There's an apocryphal tale about the prolific bank robber Willie Sutton, that, asked why he robbed banks, Sutton replied, "Because that's where the money is." When it comes to AI, I would say that the most important issues are about extremely powerful smarter-than-human Artificial Intelligence, aka superintelligence, because that's where the utilons are—the value at stake. More powerful minds have bigger real-world impacts.
Along with this observation goes a disclaimer: Being concerned about superintelligence does not mean that I think superintelligence is going to happen soon. Conversely, attempted counterarguments about superintelligence being decades away, or current AI algorithms not being on a clear track toward generality, doesn't refute that most of the value at stake for the future revolves around smarter-than-human AI if and when it is built. (As Stuart Russell observed, if we received a radio signal from a more advanced alien civilization saying that they were going to arrive in sixty years, you wouldn't shrug and say, "Eh, it's sixty years off." Especially not if you had children.)
Within the issues of superintelligence, the most important issue (again following Sutton's Law) is, I would say, what Nick Bostrom termed the "value loading problem"—constructing superintelligences that want outcomes that are high-value, normative, beneficial for intelligent life over the long run; outcomes that are, for lack of a better short phrase, "good." Since, if there is an extremely cognitively powerful agent around, what it wants is probably what will happen.
I will now try to give some very brief arguments for why building AIs that prefer "good" outcomes is (a) important and (b) likely to be technically difficult.
First, why is it important that we try to create a superintelligence with particular goals? Can't it figure out its own goals?
As far back as 1739, David Hume observed a gap between "is" questions and "ought" questions, calling attention in particular to the sudden leap between when a philosopher has previously spoken of how the world is, and when the philosopher begins using words like "should," "ought," or "better." From a modern perspective, we would say that an agent's utility function (goals, preferences, ends) contains extra information not given in the agent's probability distribution (beliefs, world-model, map of reality).
If in a hundred million years we see (a) an intergalactic civilization full of diverse, marvelously strange intelligences interacting with each other, with most of them happy most of the time, then is that better or worse than (b) most available matter having been transformed into paperclips? What Hume's insight tells us is that if you specify a mind with a preference (a) > (b), we can follow back the trace of where the >, the preference ordering, first entered the system, and imagine a mind with a different algorithm that computes (a) < (b) instead. Show me a mind that is aghast at the seeming folly of pursuing paperclips, and I can follow back Hume's regress and exhibit a slightly different mind that computes < instead of > on that score too.
I don't particularly think that silicon-based intelligence should forever be the slave of carbon-based intelligence. But if we want to end up with a diverse cosmopolitan civilization instead of e.g. paperclips, we may need to ensure that the first sufficiently advanced AI is built with a utility function whose maximum pinpoints that outcome. If we want an AI to do its own moral reasoning, Hume's Law says we need to define the framework for that reasoning. This takes an extra fact beyond the AI having an accurate model of reality and being an excellent planner.
But if Hume's Law makes it possible in principle to have cognitively powerful agents with any goals, why is value loading likely to be difficult? Don't we just get whatever we programmed?
The answer is that we get what we programmed, but not necessarily what we wanted. The worrisome scenario isn't AIs spontaneously developing emotional resentment for humans. It's that we create an inductive value learning algorithm and show the AI examples of happy smiling humans labeled as high-value events; and in the early days the AI goes around making existing humans smile and it looks like everything is okay and the methodology is being experimentally validated; and then when the AI is smart enough it invents molecular nanotechnology and tiles the universe with tiny molecular smiley-faces. Hume's Law, unfortunately, implies that raw cognitive power does not intrinsically prevent this outcome, even though it's not the result we wanted.

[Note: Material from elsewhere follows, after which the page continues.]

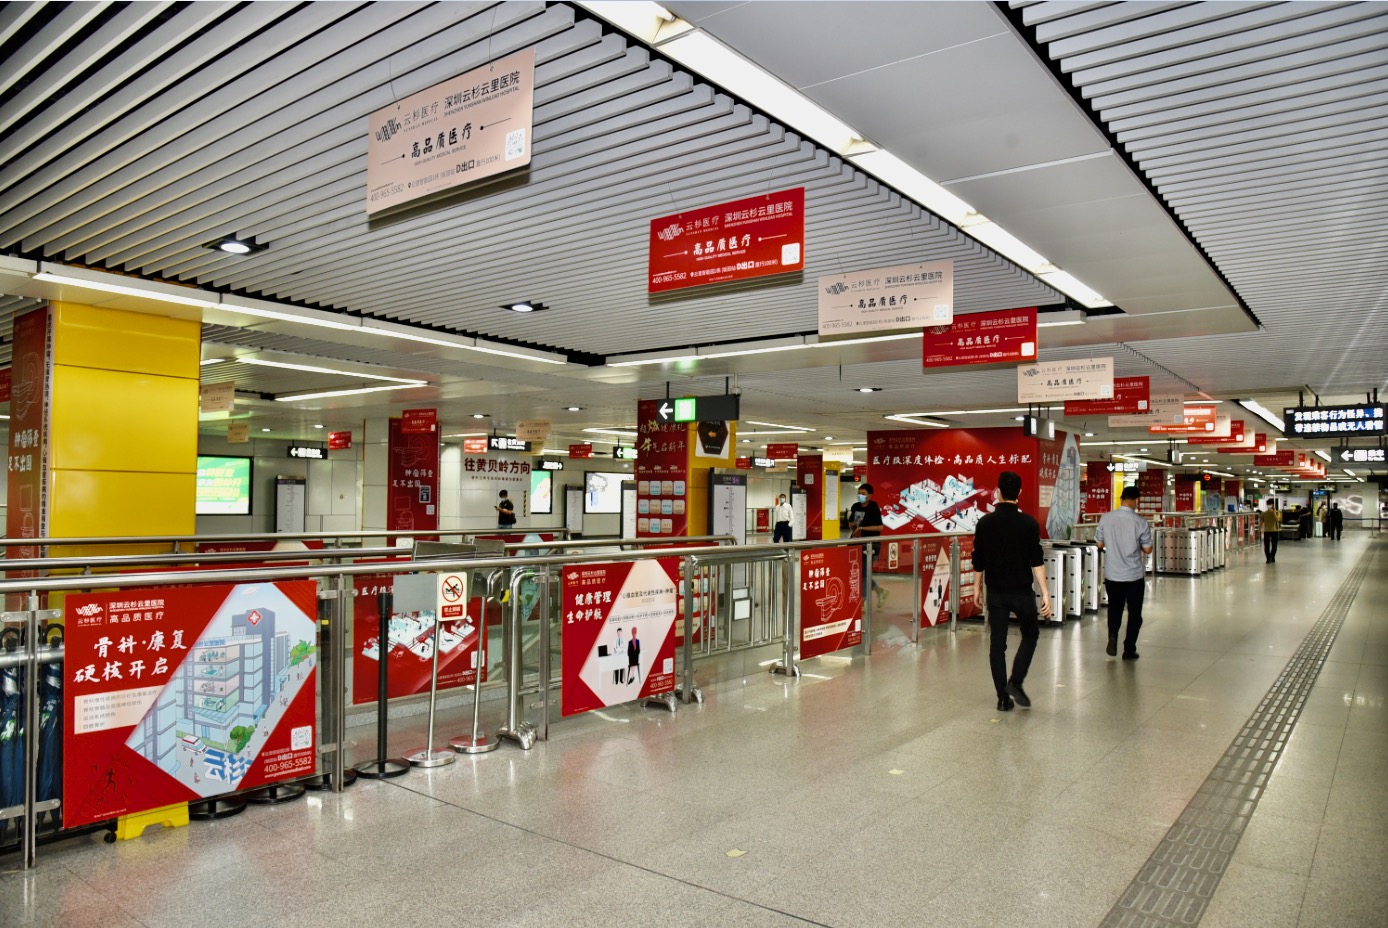 深圳地铁广告介绍地铁广告投放的设计原则

It's not that getting past this sort of issue is unsolvable, but that it's looking to be technically difficult, and we may have to get it right the first time we build something smarter than us. The prospect of needing to get anything in AI right on the first try, with the future of all intelligent life at stake, should properly result in terrified screams from anyone familiar with the field.
Whether advanced AI is first created by nice people or bad people won't make much difference, if even the nice people don't know how to make nice AIs.
The obvious response of trying to immediately start technical research on the value loading problem today... has its own difficulties, to say the least. Current AI algorithms are not smart enough to exhibit most of the difficulties that seem foreseeable for sufficiently advanced agents, meaning there's no way to test proposed solutions to those difficulties. But considering the literally maximal importance of the problem, some people are trying to get started as early as possible. The research priorities set forth by Max Tegmark's Future of Life Institute are one step in this direction.
But for now, the value loading problem is extremely unsolved. There are no proposed full solutions even in principle. And if that goes on being true over the next decades, I can't promise you that the development of sufficiently advanced AI will be at all a good thing.